- [What to produce] Exclude the pictures and reproduce the remaining data exactly as written.

- [Exercise data]
..............................

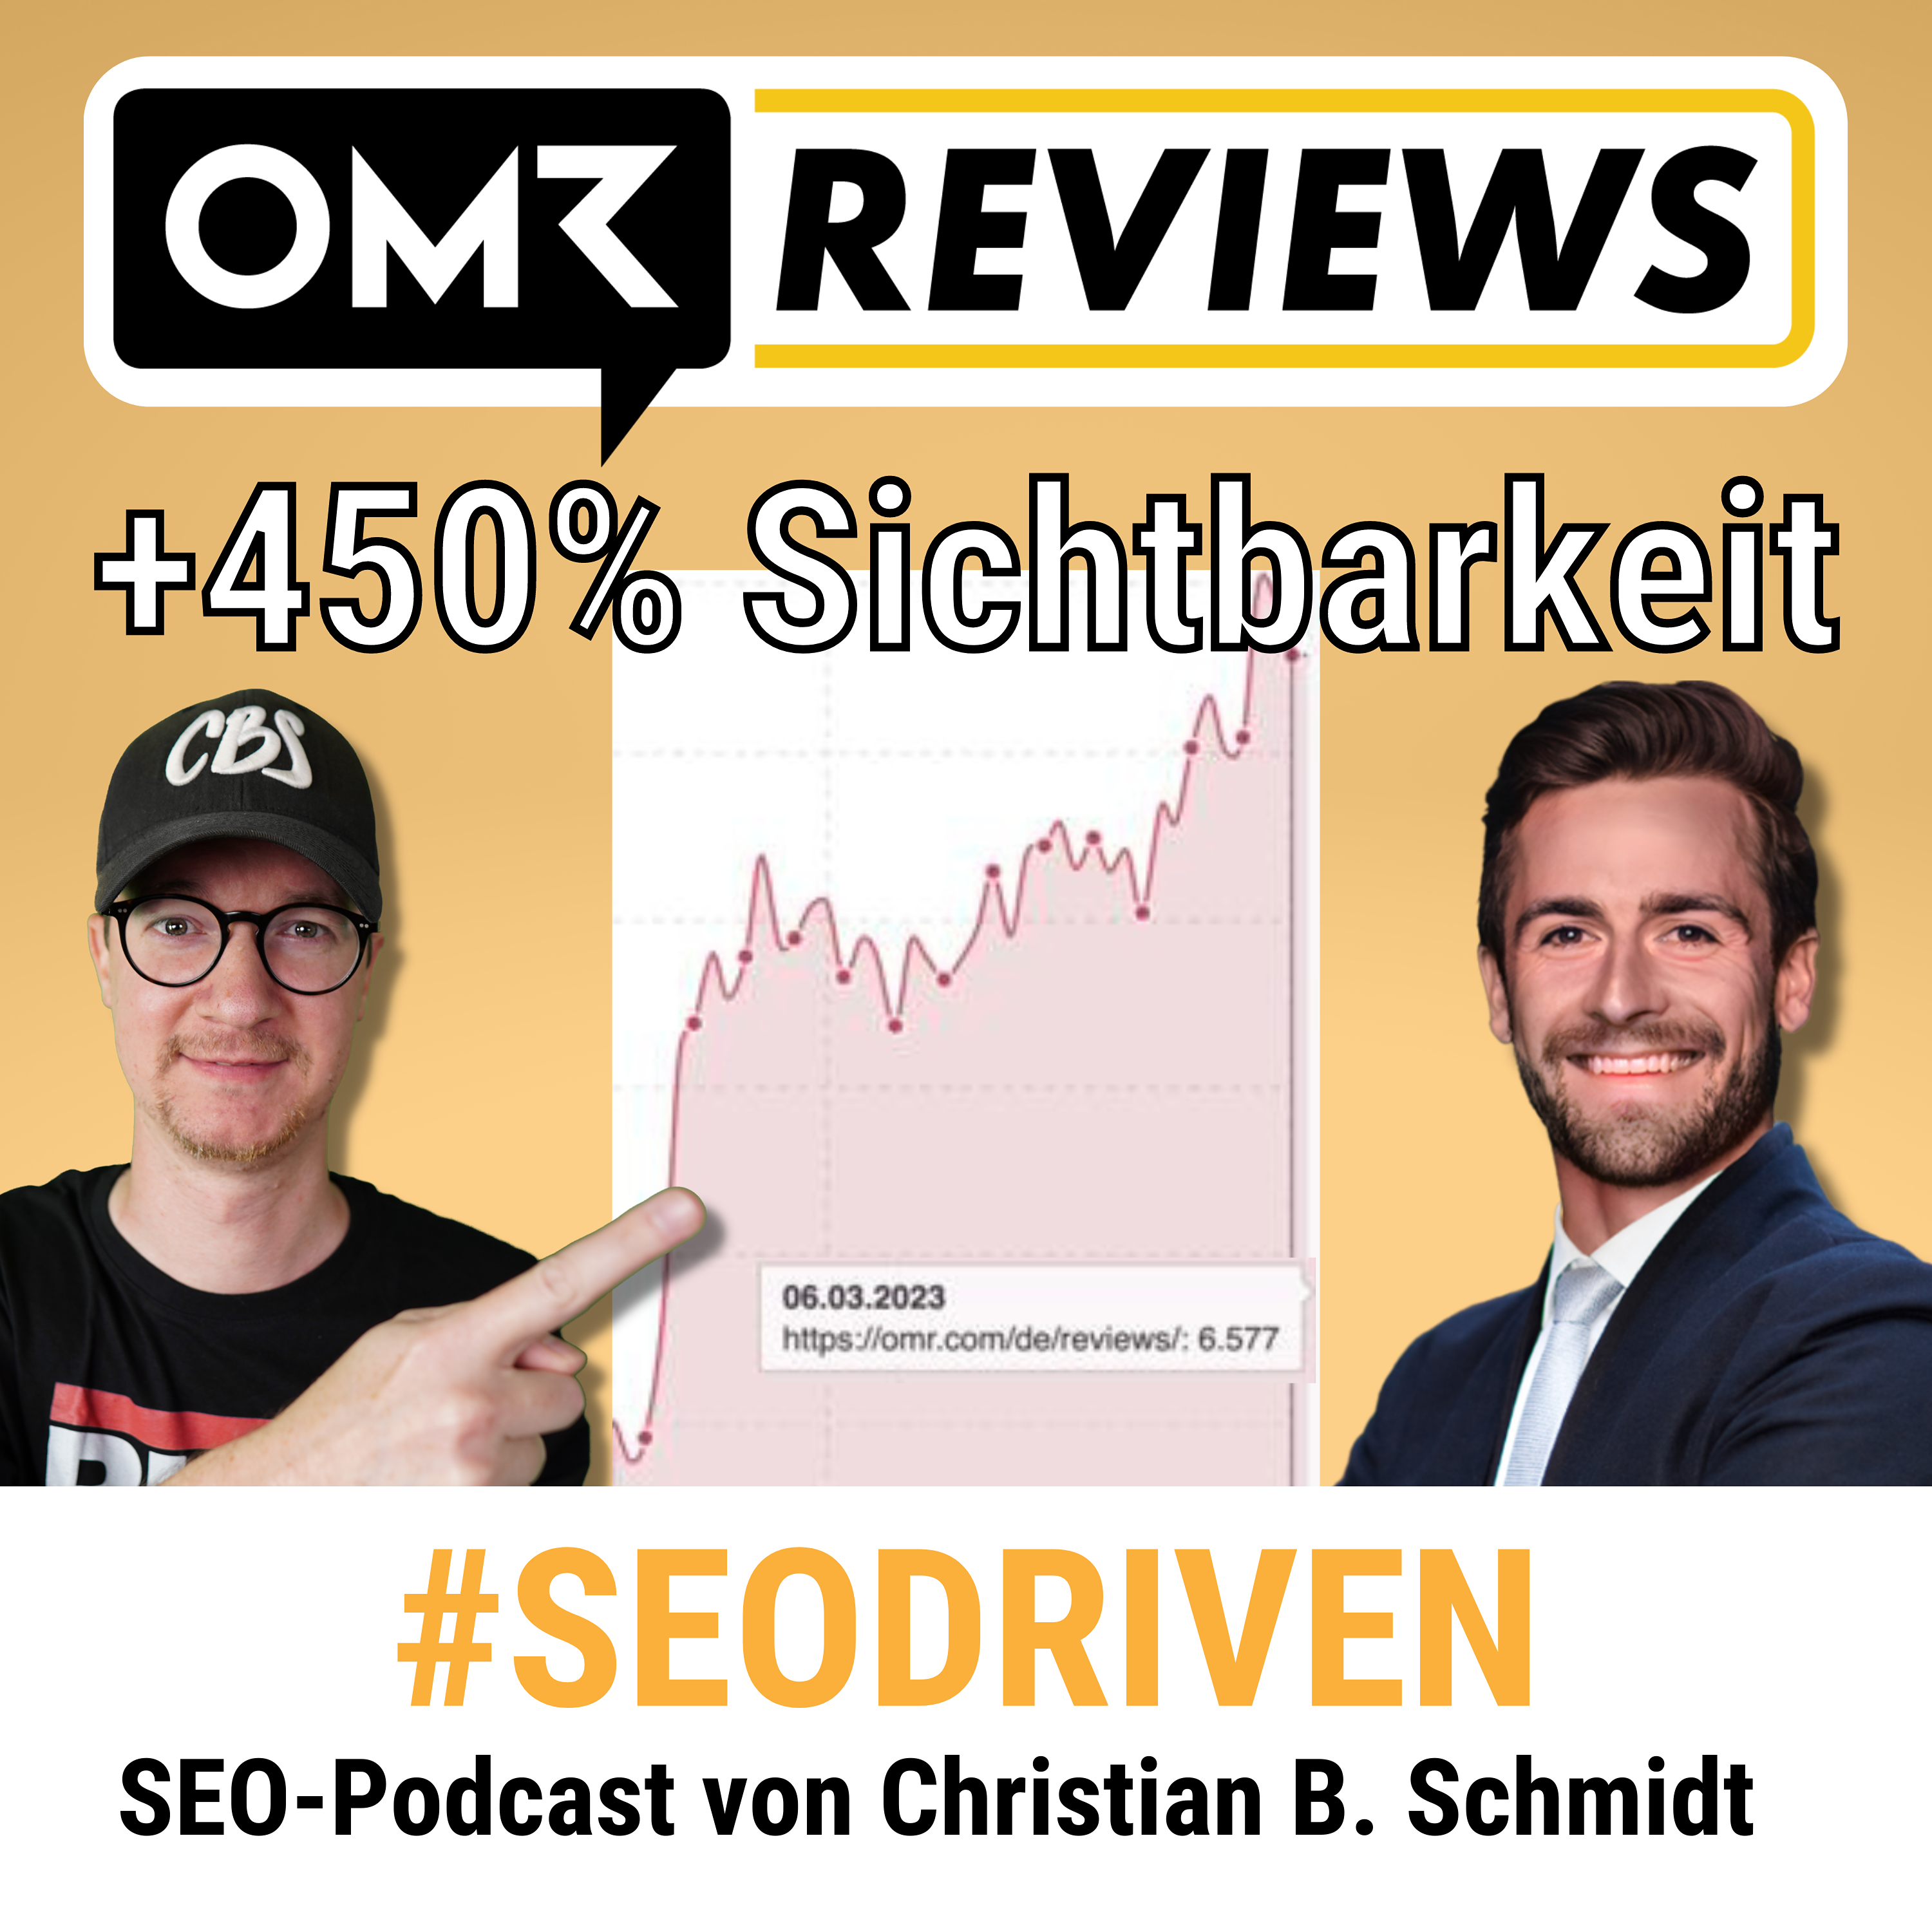 OMR Reviews: +450% Sichtbarkeit mit einfachem SEO-Trick | Manuel Gerlach
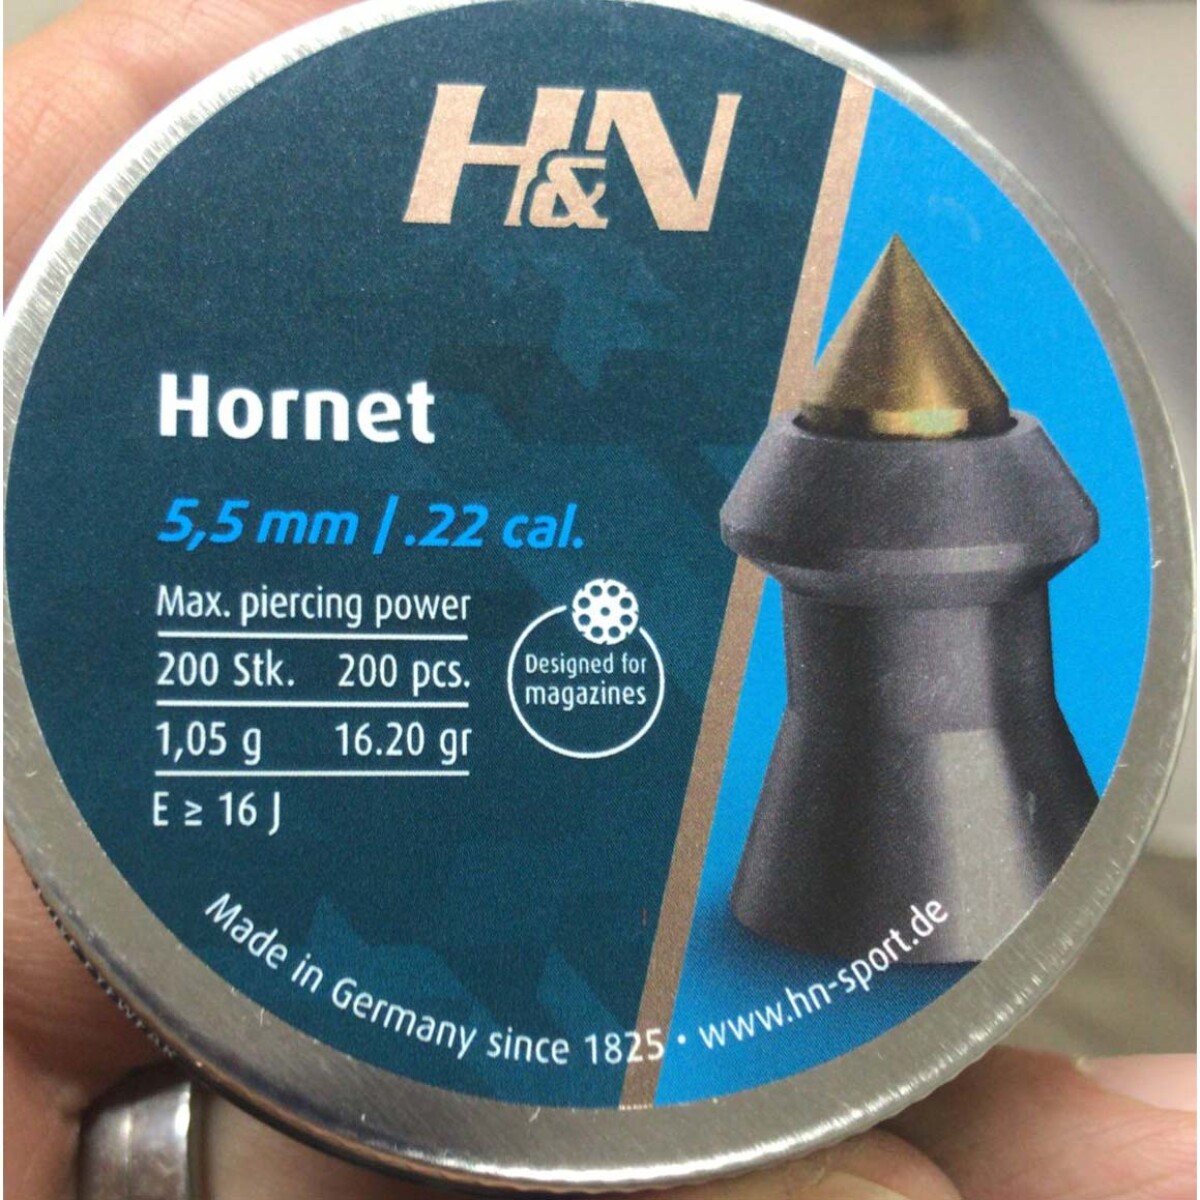 Balin Hyn Hornet Cal 5.5mm X 200 16.20grs 
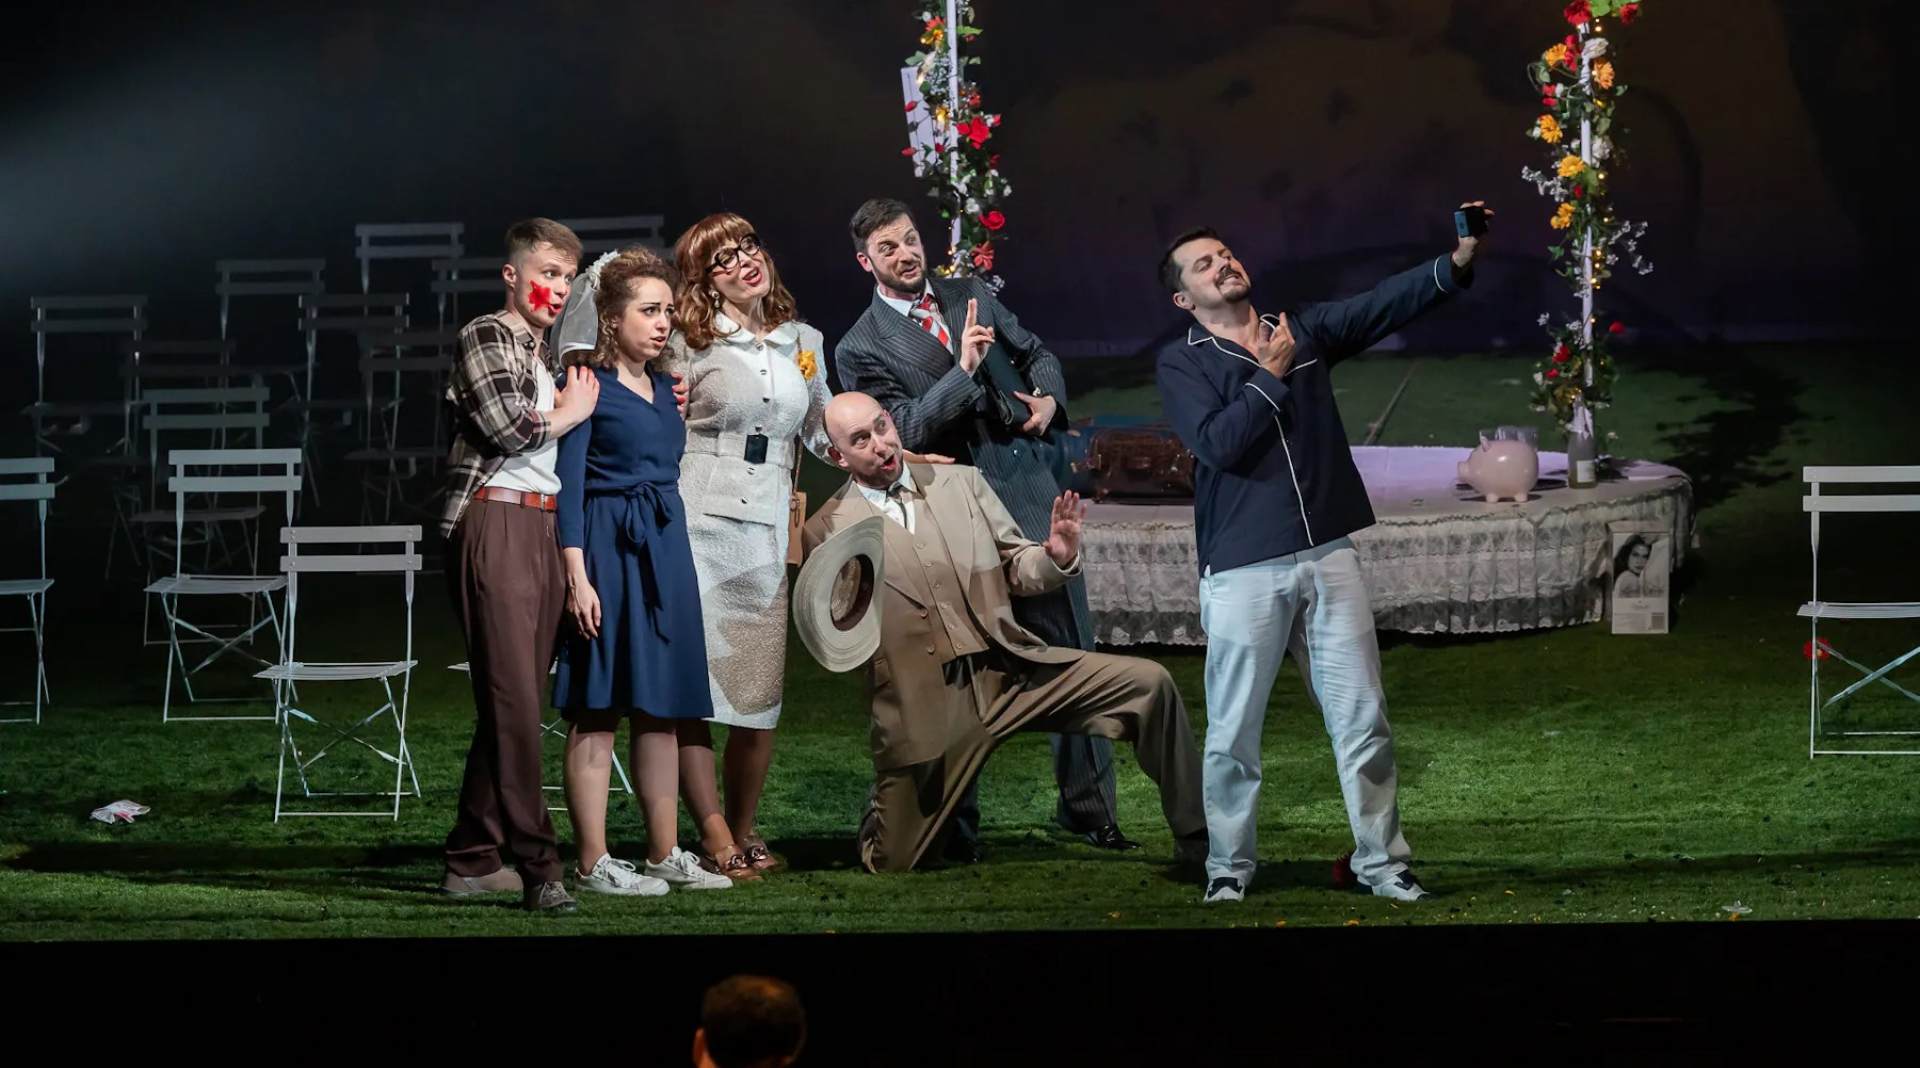 Le nozze di Figaro - Teatro degli Stati di Praga

..............................

- [Result below]
 OMR Reviews: +450% Sichtbarkeit mit einfachem SEO-Trick | Manuel Gerlach
 Balin Hyn Hornet Cal 5.5mm X 200 16.20grs 
 Le nozze di Figaro - Teatro degli Stati di Praga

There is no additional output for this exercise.